Il tessuto con cui sono realizzati è morbido e delicato come lo è anche il velcro utilizzato. 

Anche il packaging, realizzato con il medesimo tessuto del capo, ha lo scopo di non usare plastica o materiali poco ecosostenibili. Tutto è interamente realizzato in Italia.
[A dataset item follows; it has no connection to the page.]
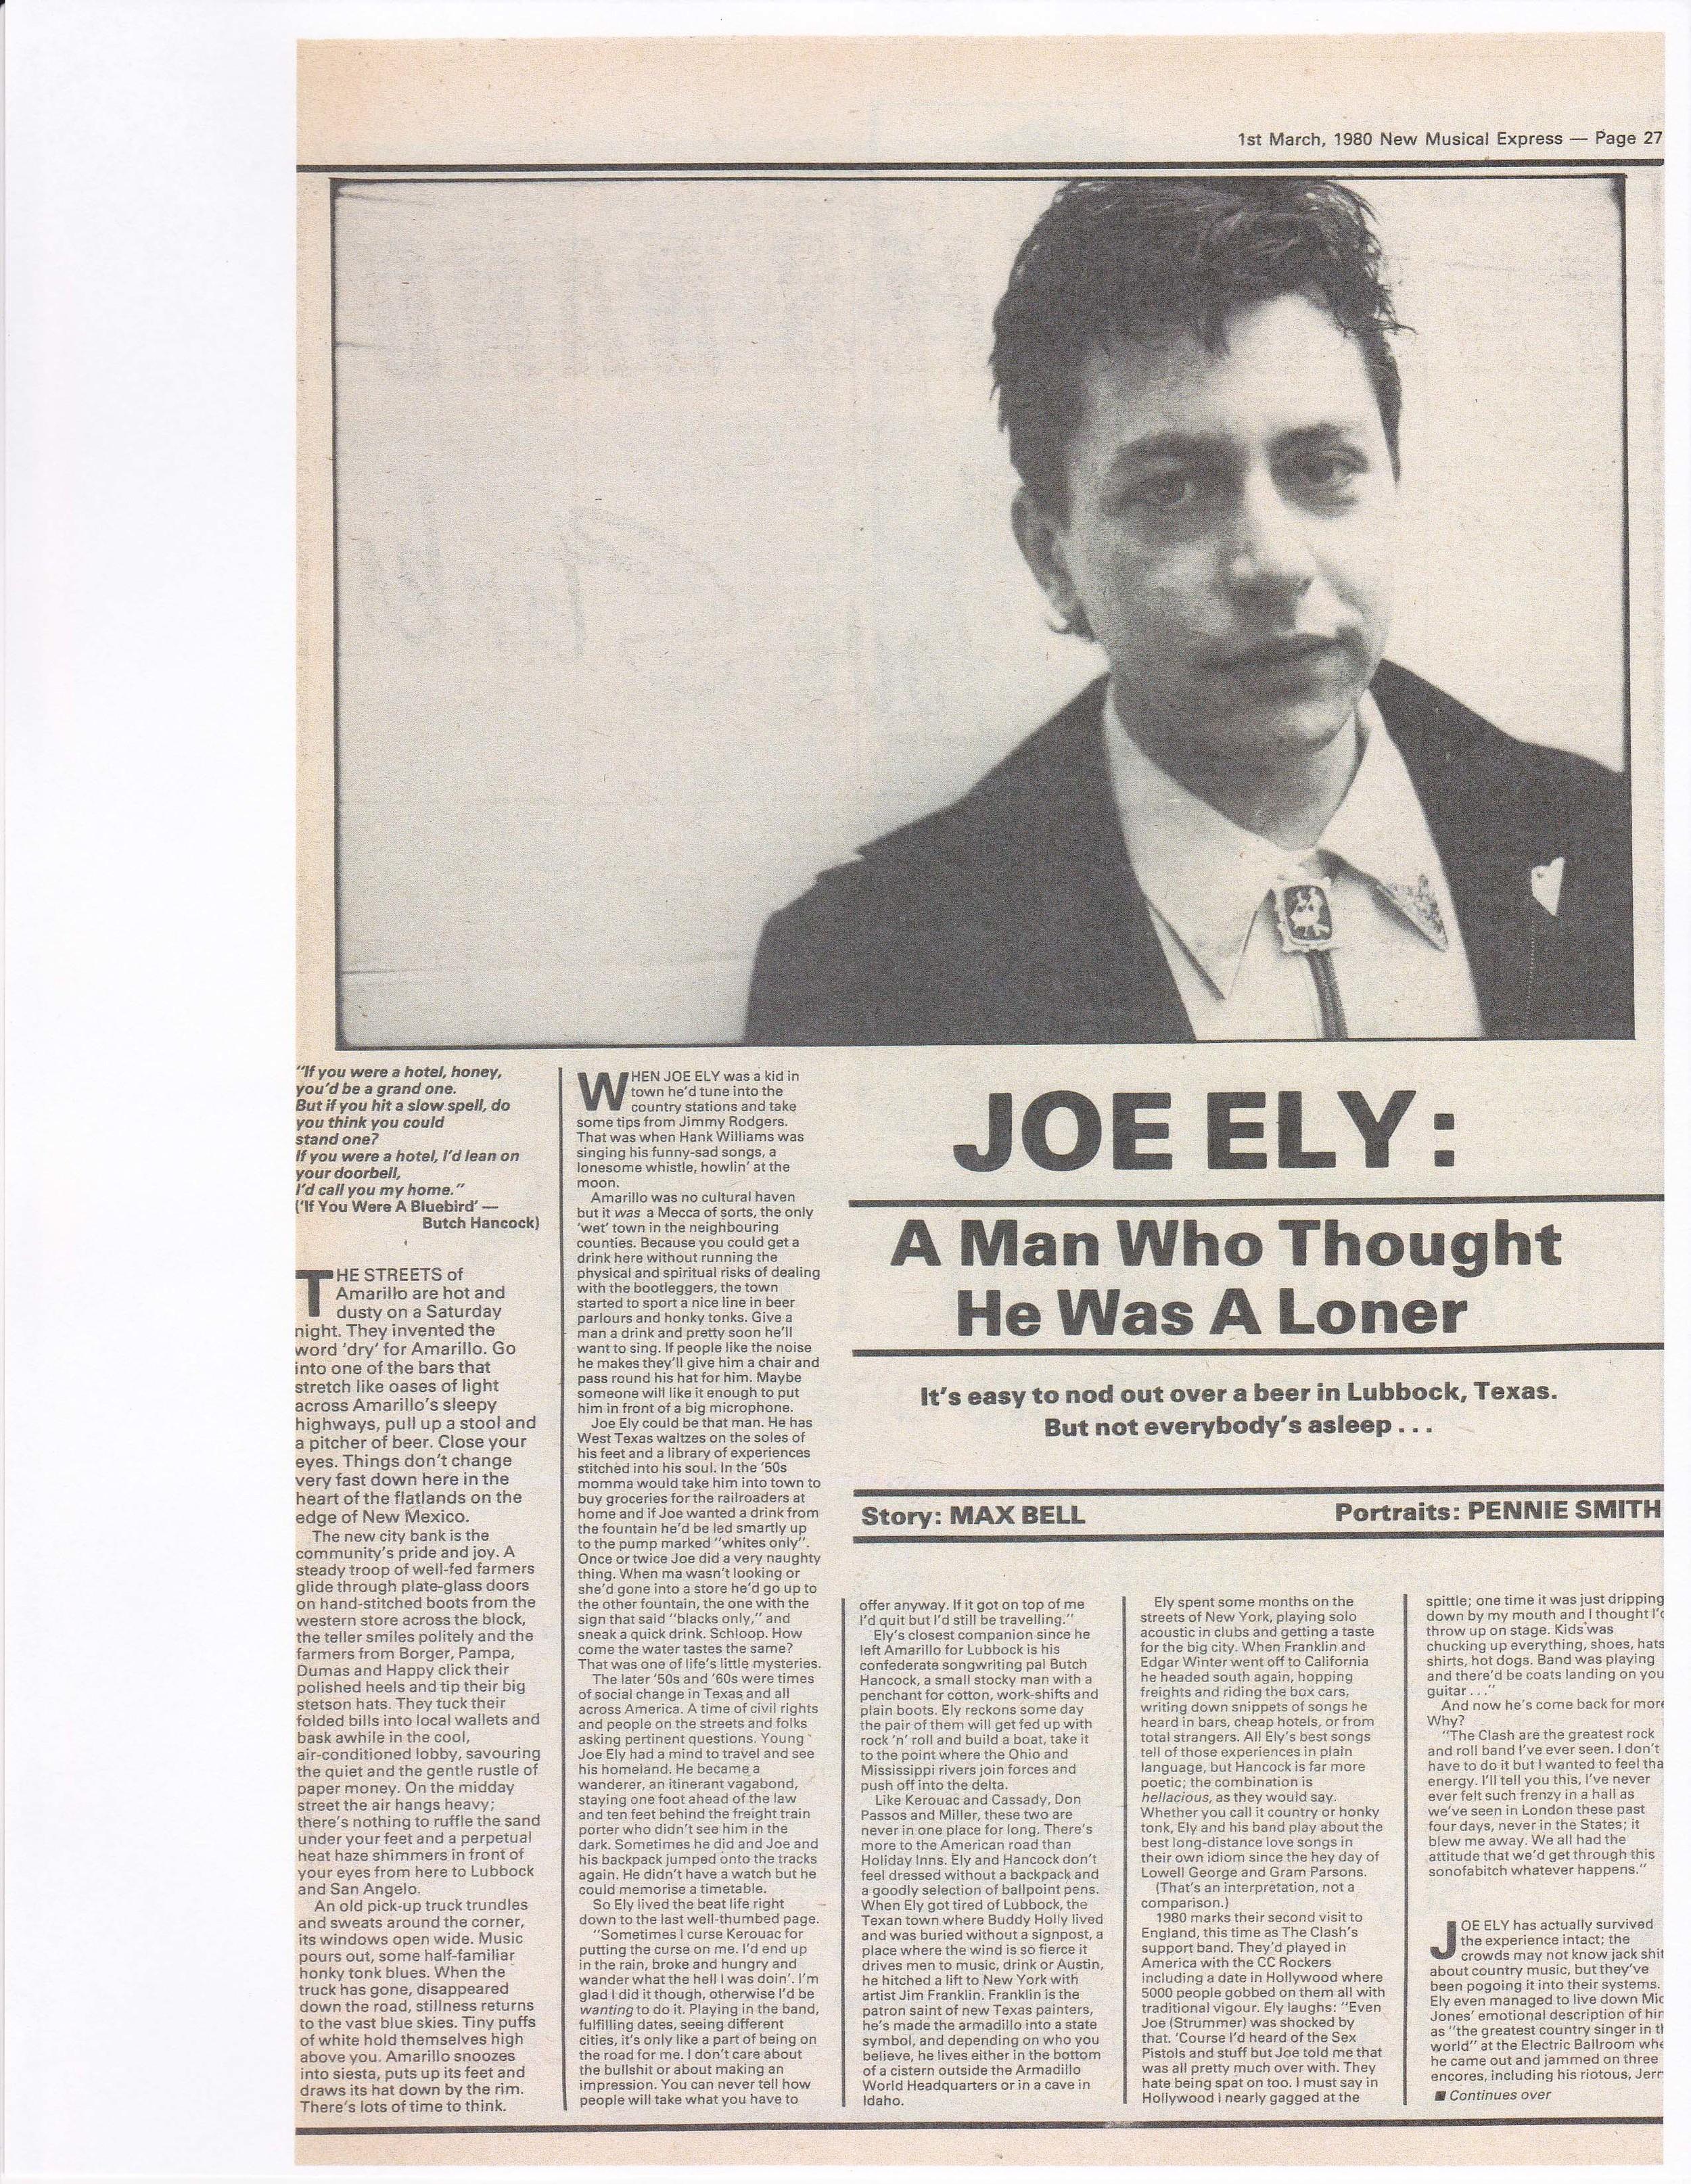 Joe Ely 028.jpg

Come vi avevo già detto Zàcchete è anche un progetto solidale che contribuisce allo sviluppo di progetti legati ai bambini in ospedale. Attraverso le collaborazioni solidali avviate con il Gaslini Onlus e ad OBM Onlus, partecipa alla raccolta fondi a favore di progetti dedicati a due reparti ‘speciali’:  la Rianimazione Neonatale Pediatrica dell’Istituto Gaslini ed il Reparto di Terapia Intensiva e Patologia Neonatale dell’ospedale Buzzi.  
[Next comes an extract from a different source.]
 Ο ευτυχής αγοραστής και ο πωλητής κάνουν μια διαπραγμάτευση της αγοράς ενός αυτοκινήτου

Quello invece che non vi ho detto è che per riuscire a lanciare la produzione dei body è on-line sulla piattaforma Ulule (it.ulule.com/zacchetebody)  la prima campagna crowdfunding di Zàcchete. Lo scopo è quello di trasformare questo progetto pilota in un reale progetto imprenditoriale per realizzare una intera linea di abbigliamento intimo per bebè.  Questa avrà anche lo scopo di continuare la collaborazione solidale avviata con gli ospedali pediatrici. La campagna, che ha l’obiettivo di raccogliere 50 prevendite, terminerà il 31 ottobre.

Supportiamo l’innovazione!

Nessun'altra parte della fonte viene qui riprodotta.